Minister of Foreign Affairs
- In office 24 December 1977 – 16 September 1978
- Preceded by: Ismail Fahmi
- Succeeded by: Mustafa Khalil

Personal details
- Born: 6 January 1927
- Died: 22 November 2001 (aged 74)

= Muhammad Ibrahim Kamel =

Egyptian diplomat and politician (1927–2001)

Muhammad Ibrahim Kamel (6 January 1927 – 22 November 2001) was an Egyptian diplomat and politician.

==Biography==
Kamel was born on 6 January 1927. He studied law at Cairo University and graduated in 1947. He and Anwar Sadat, later President of Egypt, were both jailed due to their alleged role in the assassination of Amin Osman, former finance minister, in January 1946. Kamel entered the Egyptian diplomatic service in 1956 and served as ambassador to Zaire, Sweden and West Germany.

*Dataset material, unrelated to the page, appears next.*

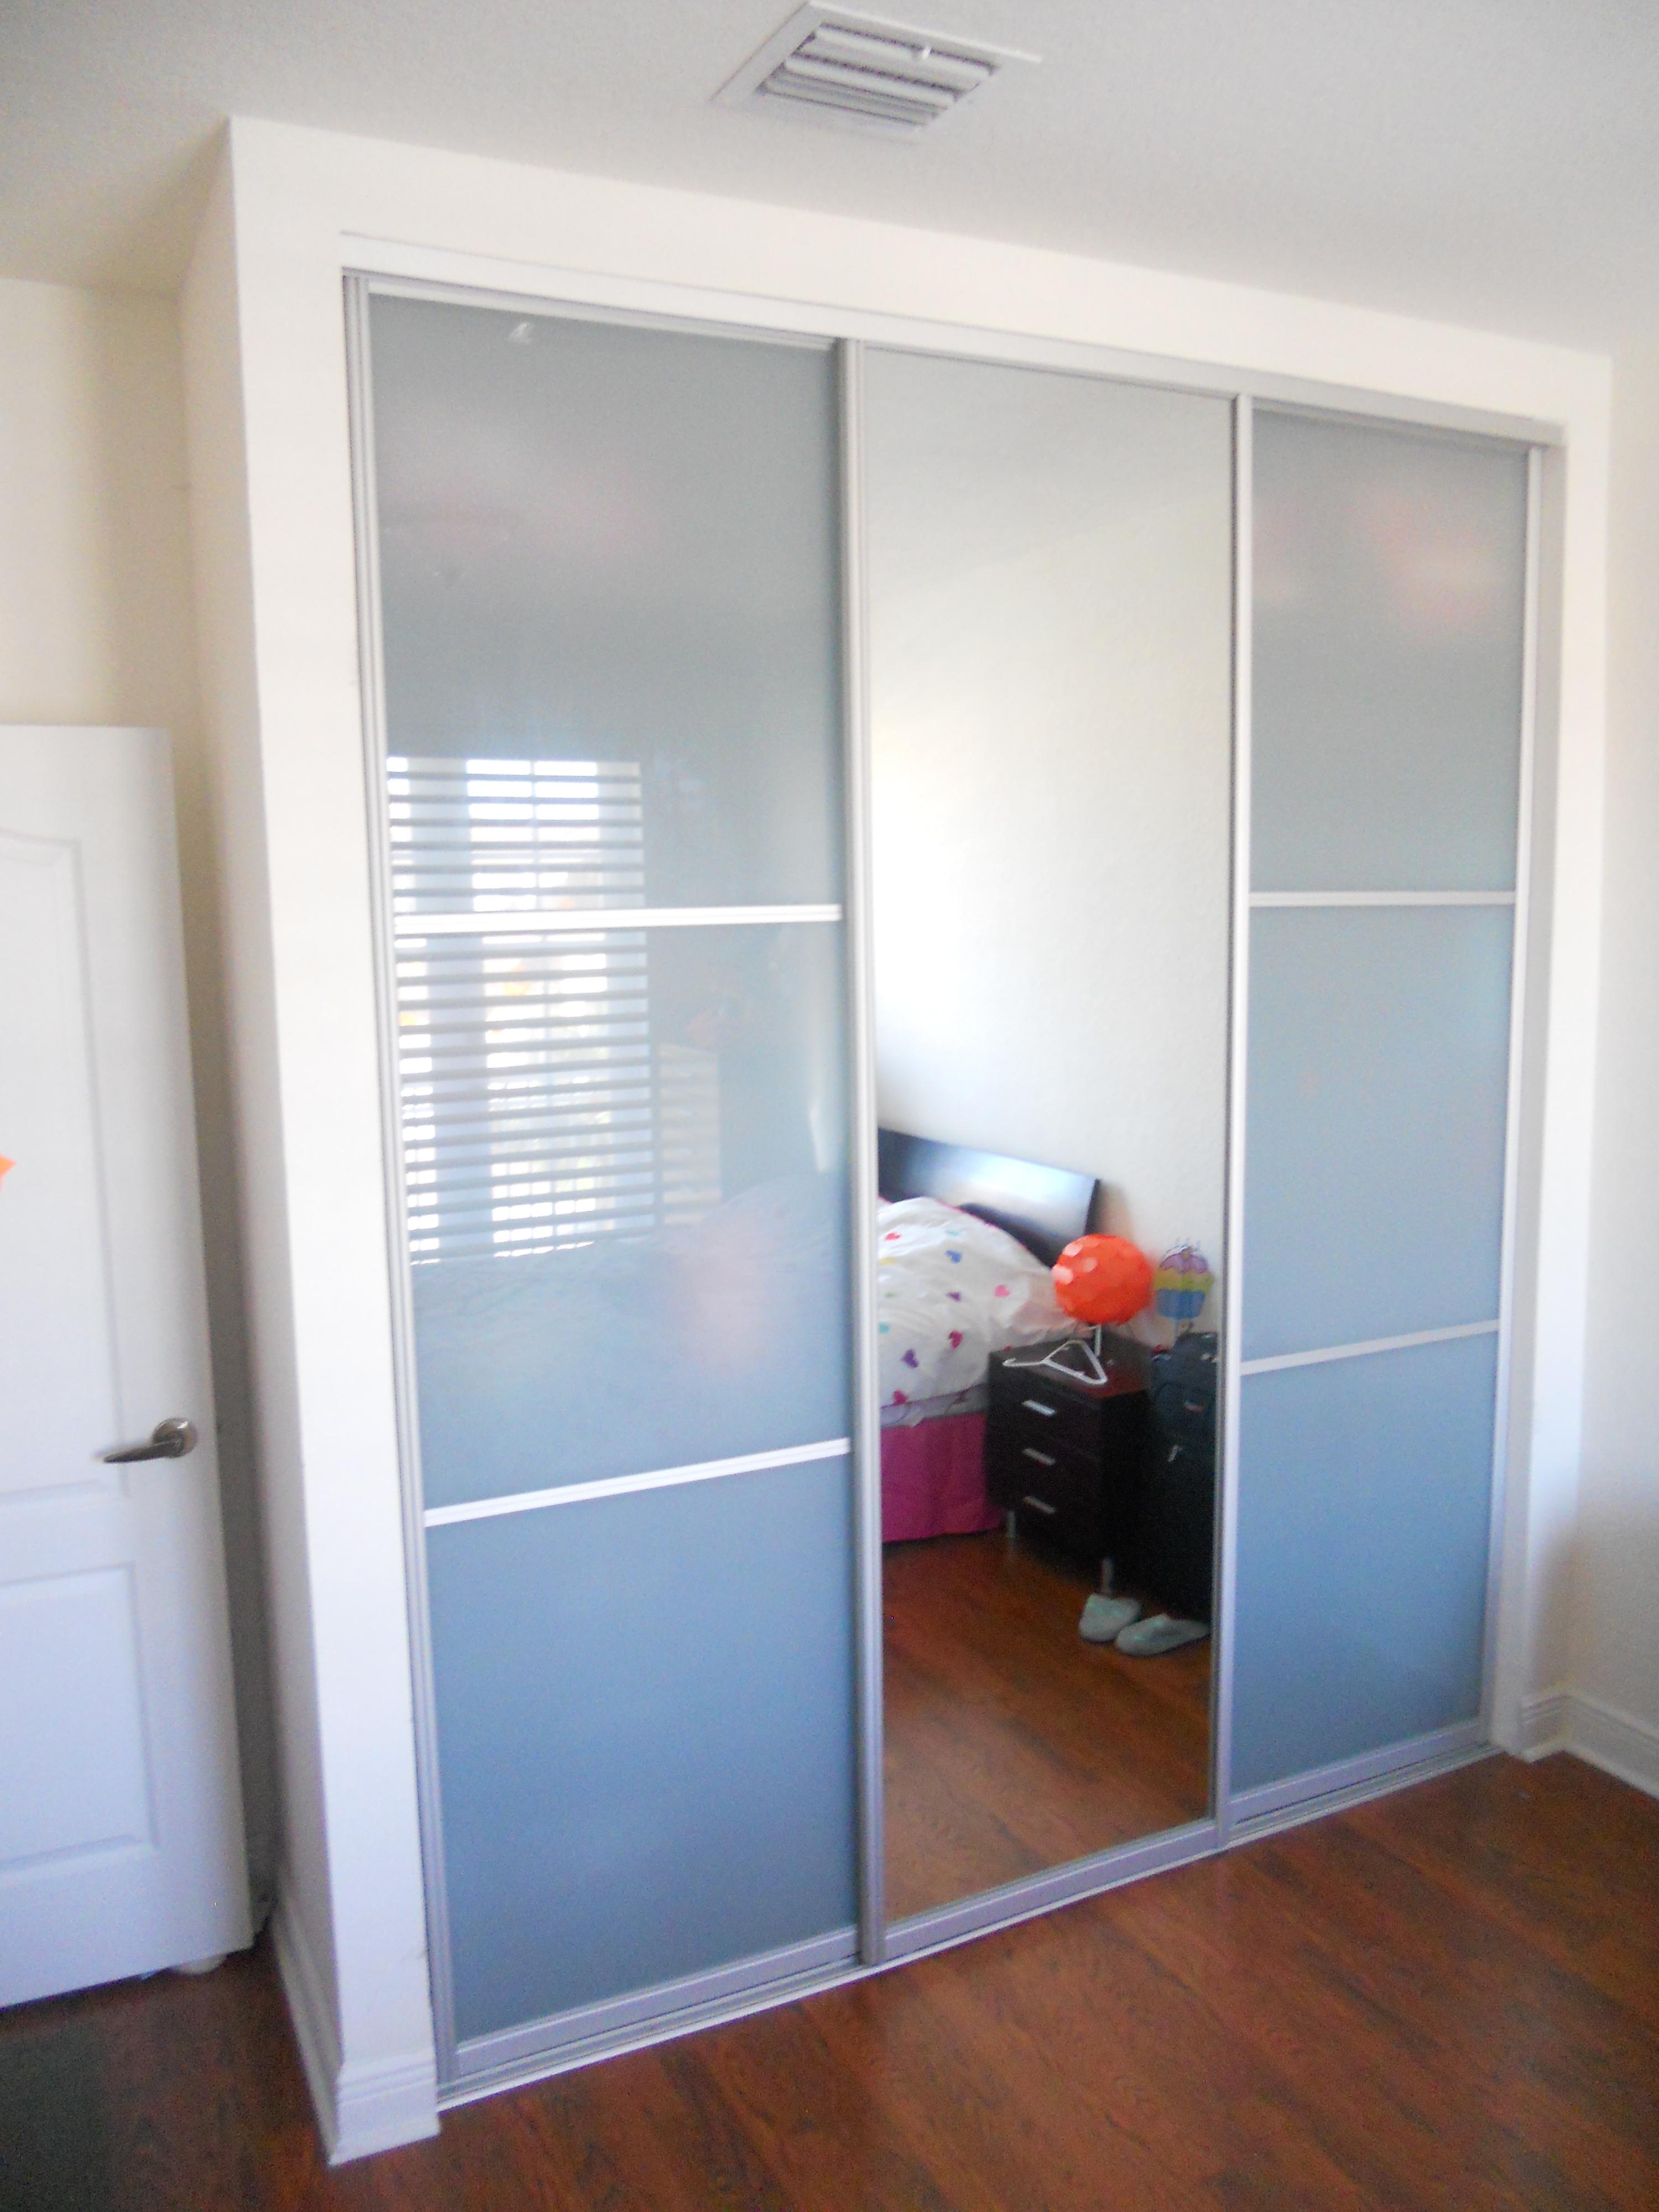 96 Sliding Closet Door Track3000 X 4000
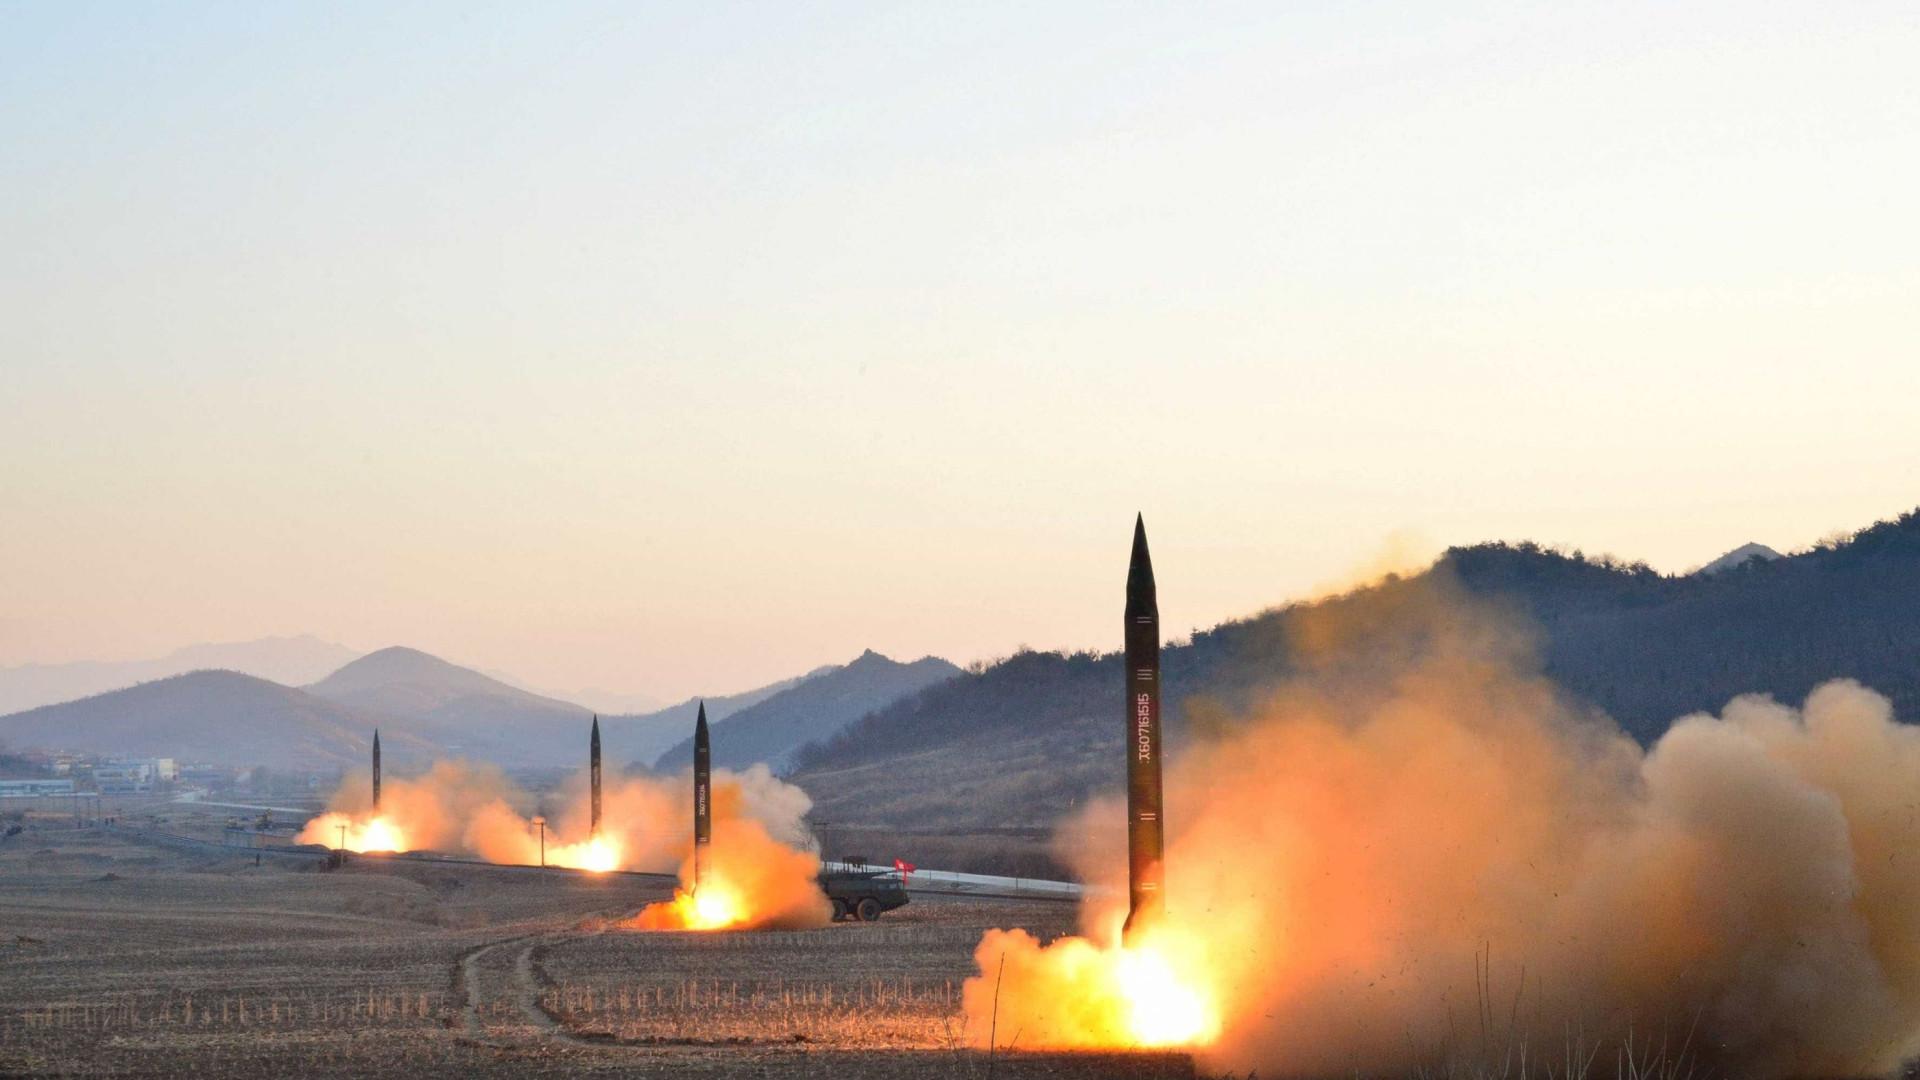 Coreia do Norte está a testar novos mísseis

Kamel succeeded Ismail Fahmi as the minister of foreign affairs in December 1977 when Fahmi resigned from the office. He was appointed to the post on 24 December 1977 and served as foreign minister until 16 September 1978 when he also resigned from the office. As foreign minister, he took part in the Camp David Accords, but resigned without signing the treaty.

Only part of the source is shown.